__The problem__. Although the records contain pictures, none belong in the copy: restate word for word only the lines from the one with "двое голые фотографируют" through the one with "Εσείς αν είχατε ξενοδοχείο θα το ανοίγατε;", both included.

(Records provided Opens)

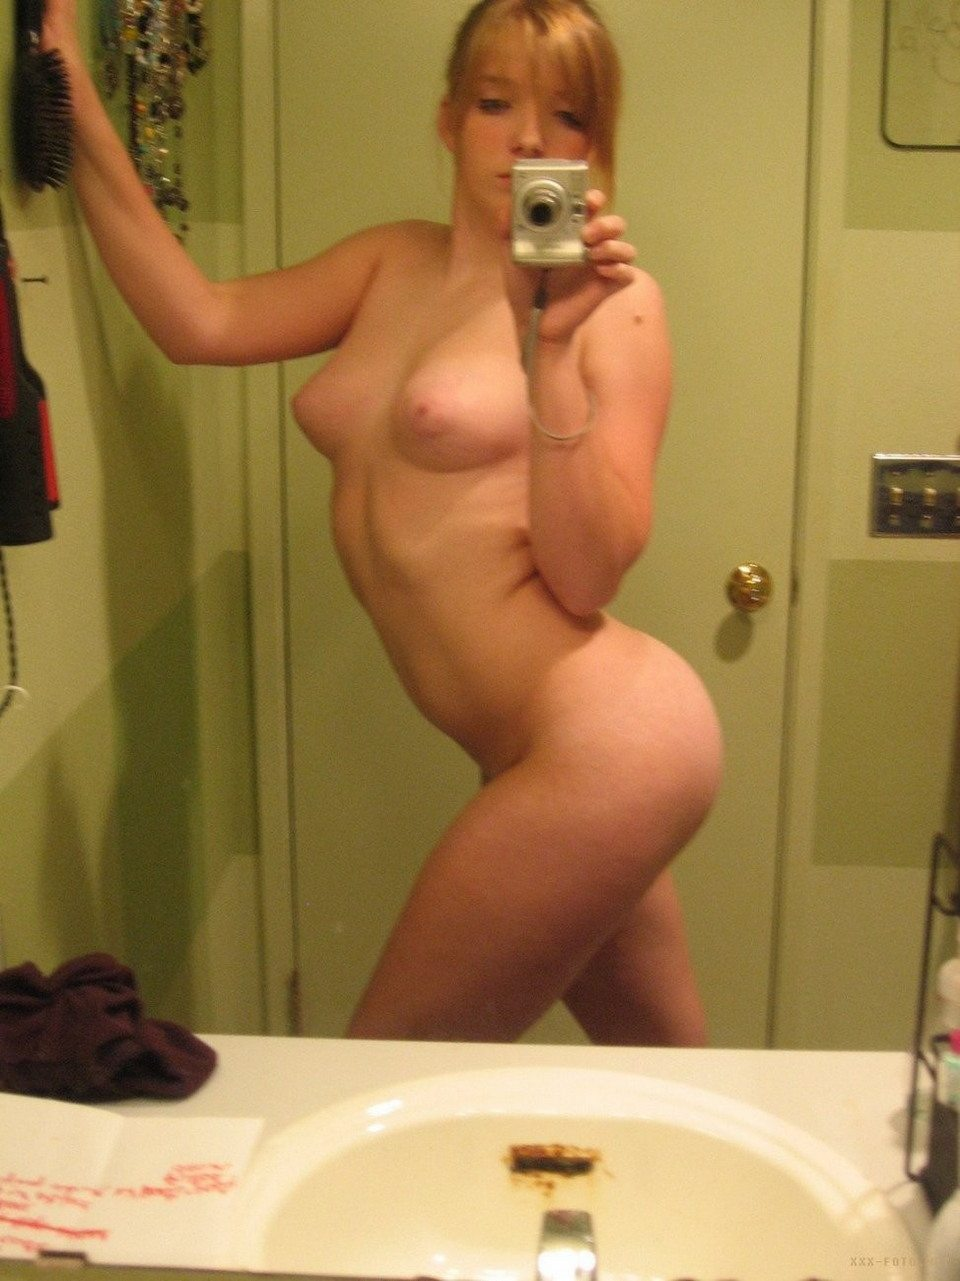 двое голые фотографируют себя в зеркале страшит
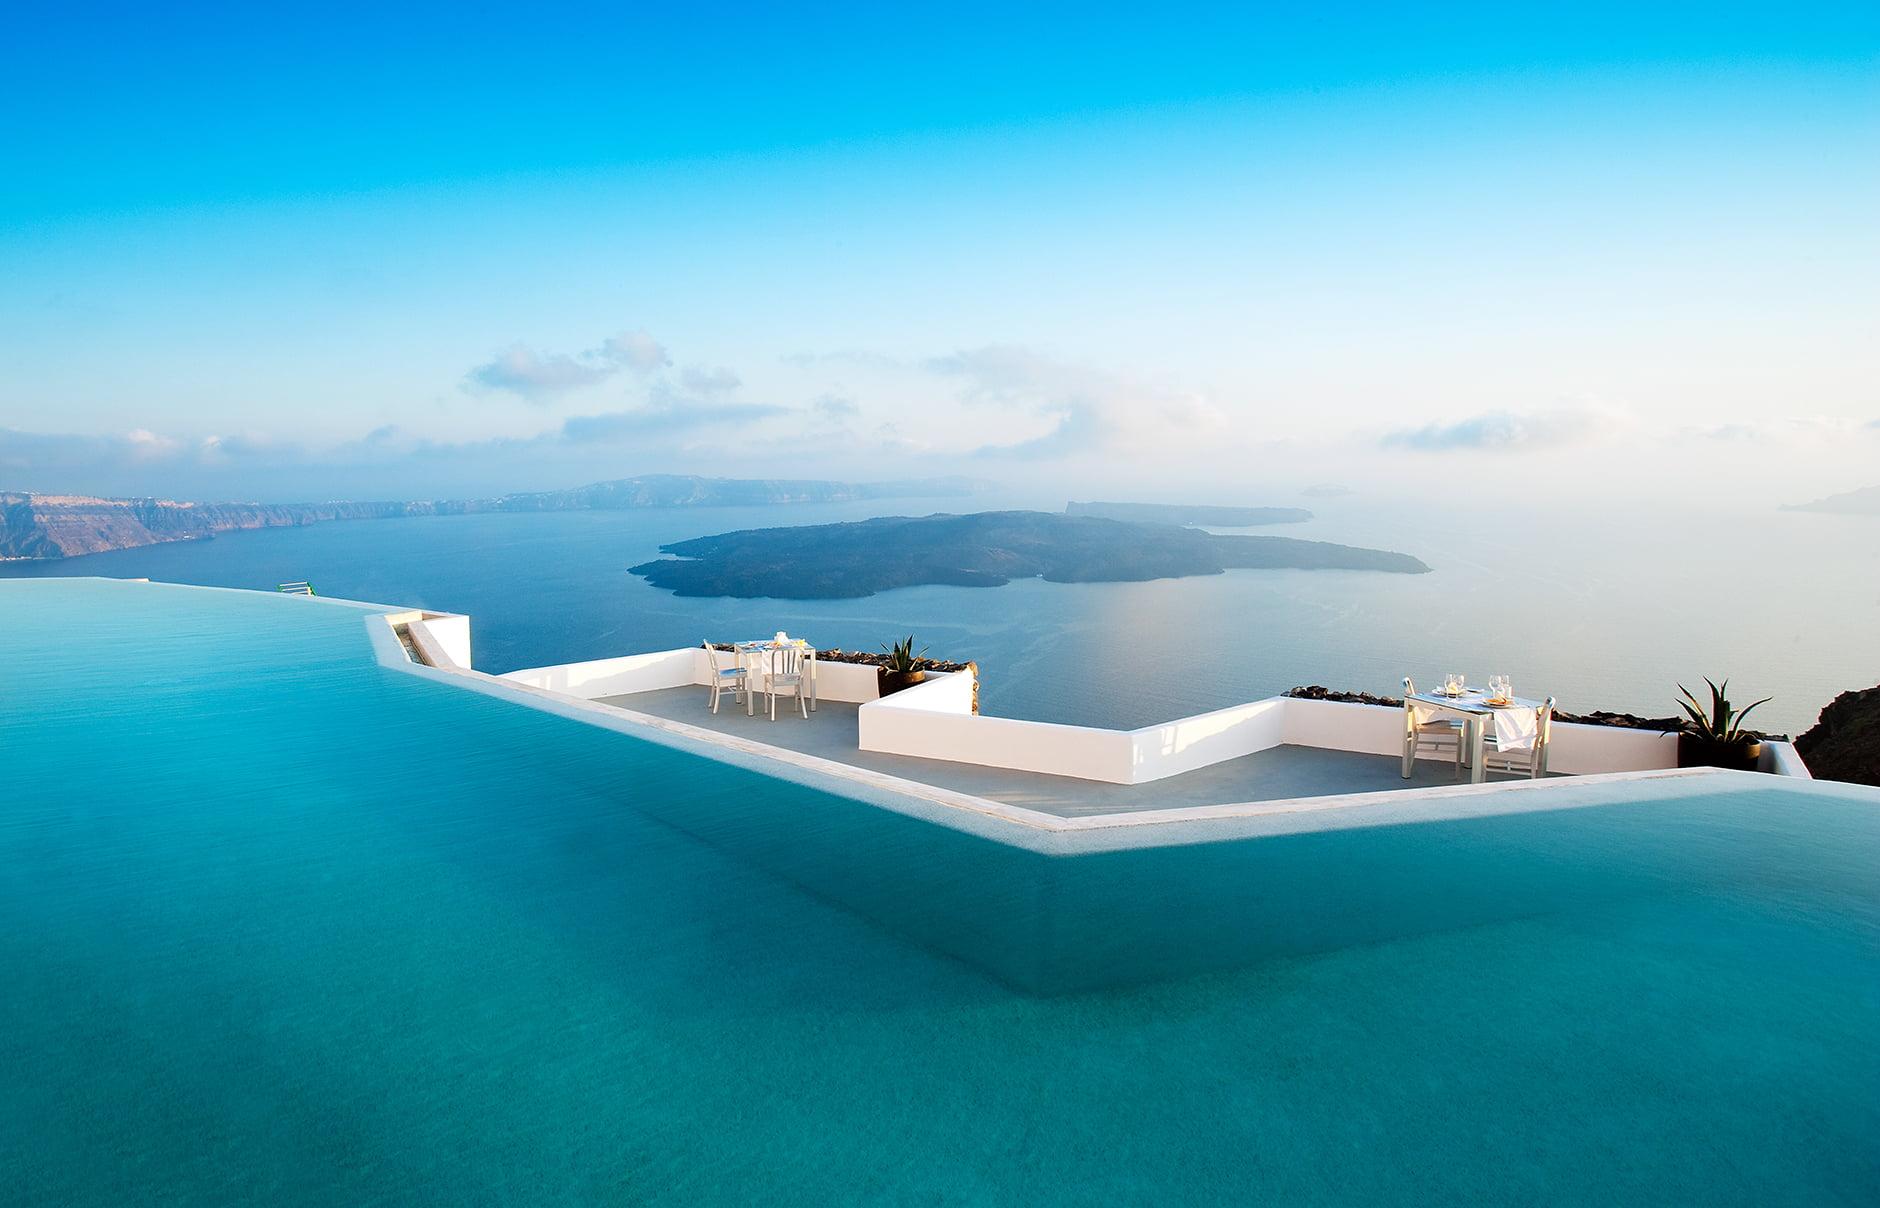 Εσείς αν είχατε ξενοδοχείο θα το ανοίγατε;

(Records provided Closes)
(Records provided Opens)

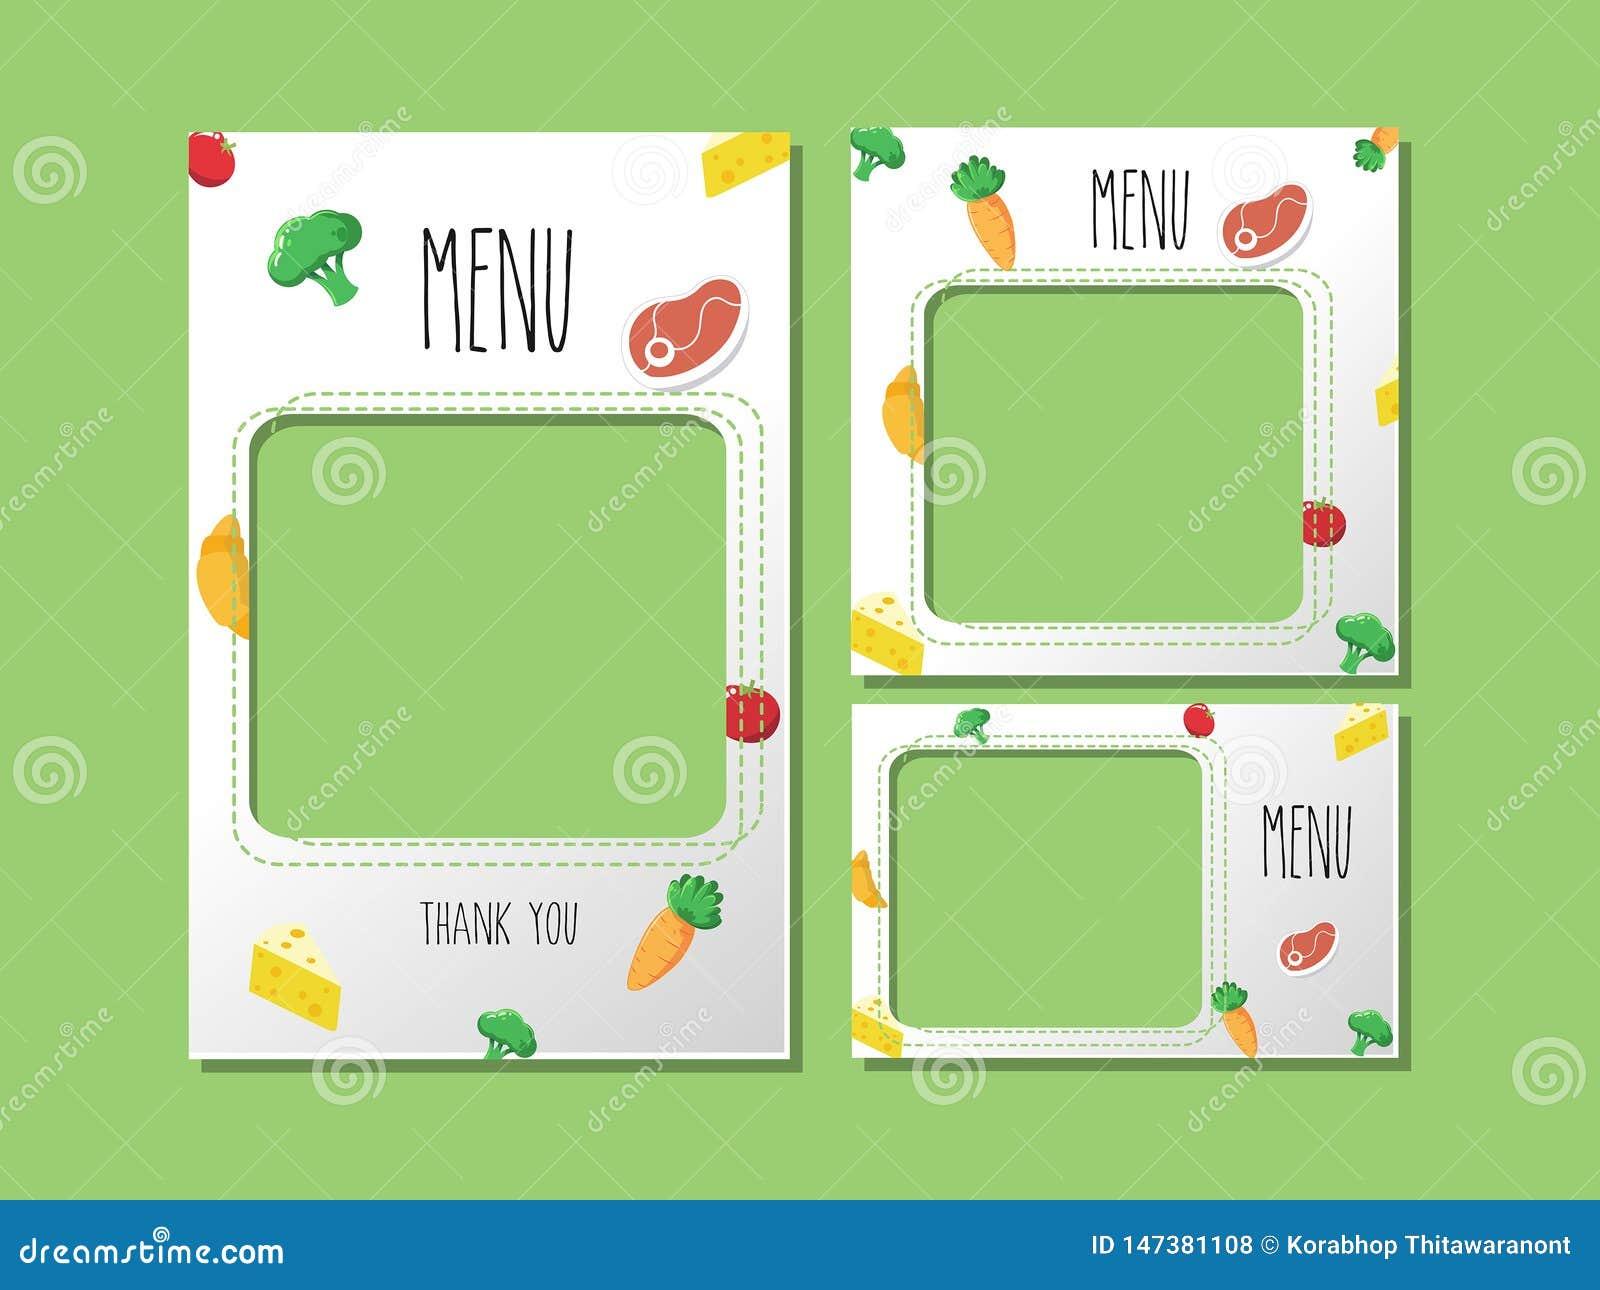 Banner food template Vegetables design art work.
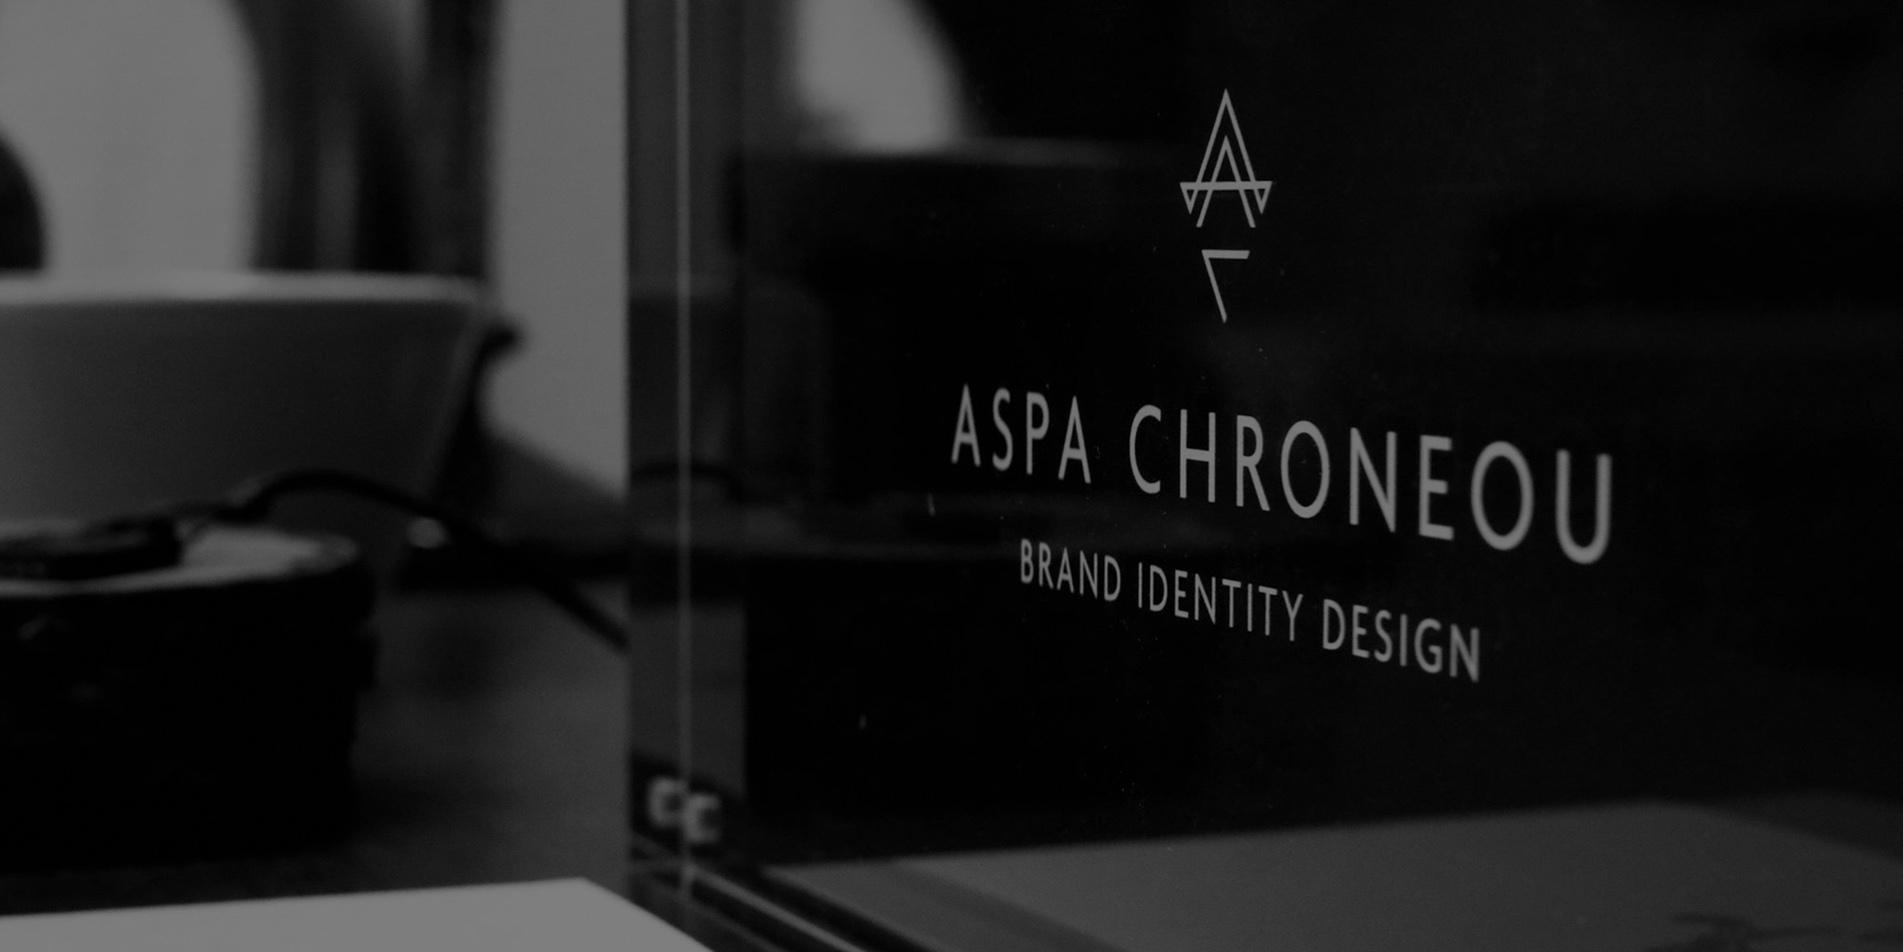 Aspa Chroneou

(Records provided Closes)

__Reply to the exercise__.
 двое голые фотографируют себя в зеркале страшит
 Εσείς αν είχατε ξενοδοχείο θα το ανοίγατε;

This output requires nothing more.